MorristownBred writes:

I agree...why isn't this free? Is the dadgum tests once you find out...on top of the medical bills, the doctor's bills, the medications & the gas it takes to get to the dadgum doctor enough? We have to pay 20 dadgum dollars to even get an early detection? What if it's negative? Then you've spent $20 for NOTHING!!! This world is going mad! Nobody will do anything for anybody anymore. It's just sad.

mas1975 writes:

Morristown - why don't you develop your own website concept, develop the database, pay for the artist and website developer, as well as the hosting of the website and the associated bandwidth costs. You have NO IDEA how much a website of this complexity costs.

Countless people blow $20 on fast food or other unhealthy items each week.

$20 for NOTHING? If the test is truly as accurate as is claimed I would think that $20 would be a wonderful investment.

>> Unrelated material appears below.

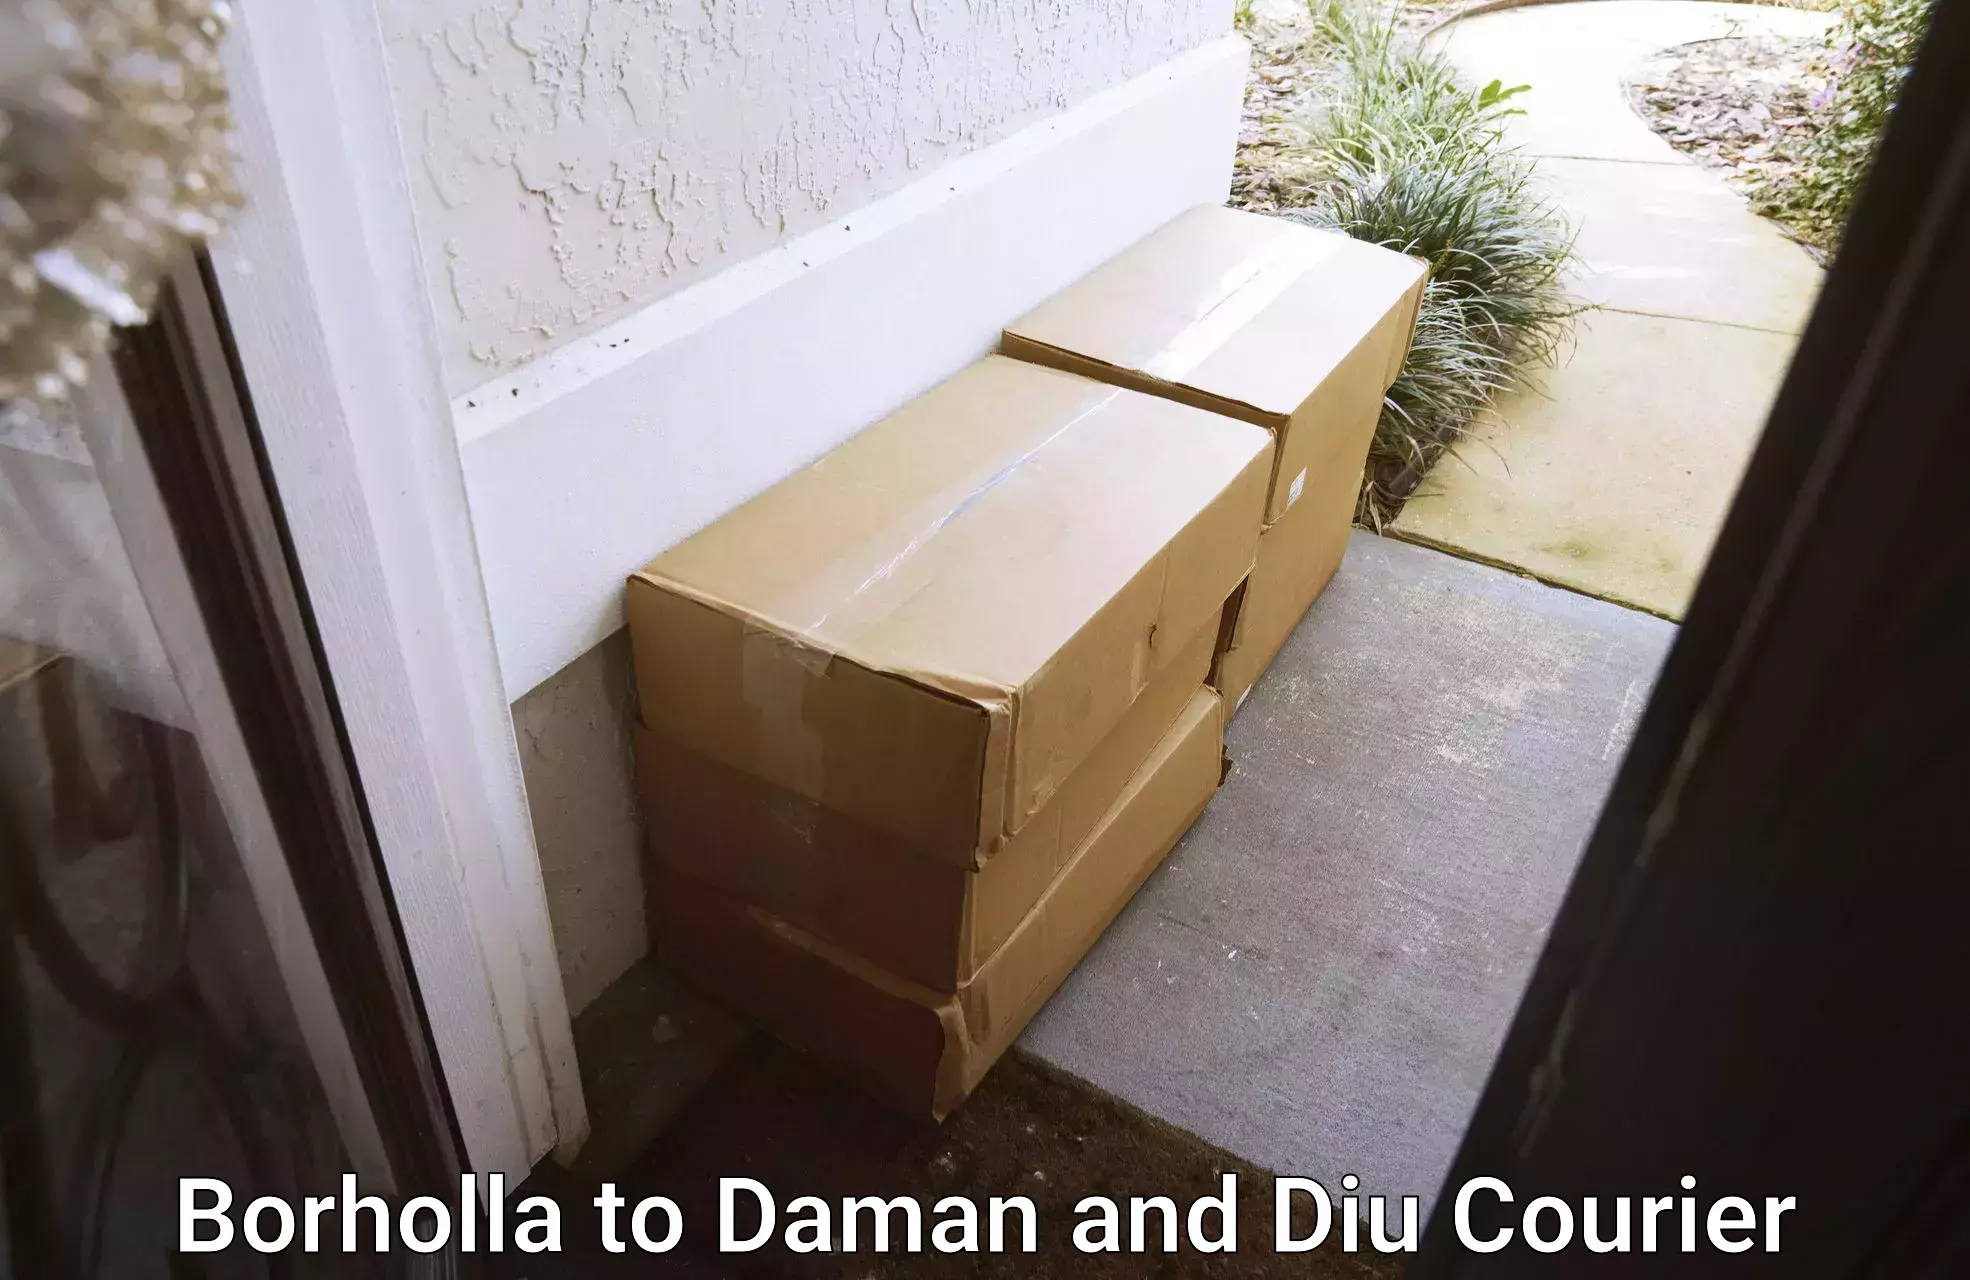 Global courier networks Borholla to Daman

Maybe you should ask the new administration in Washington to seize control and "bail out" this outagreously expensive test...

salamander70 writes:

Someone like my dad would really benefit from this. He's at least basically skilled enough to use his computer to do the exam, and there's no way he would initiate a visit to his MD or a gero specialist to talk about memory problems.

There's a generation of older folks that are using computers. Since many of them are ashamed to talk to anyone about their memory problems, this tool might be really useful.

Whatis 20 bucks if it would help give at least some insight into knowing if you have a progressive brain disease or are just slowing down?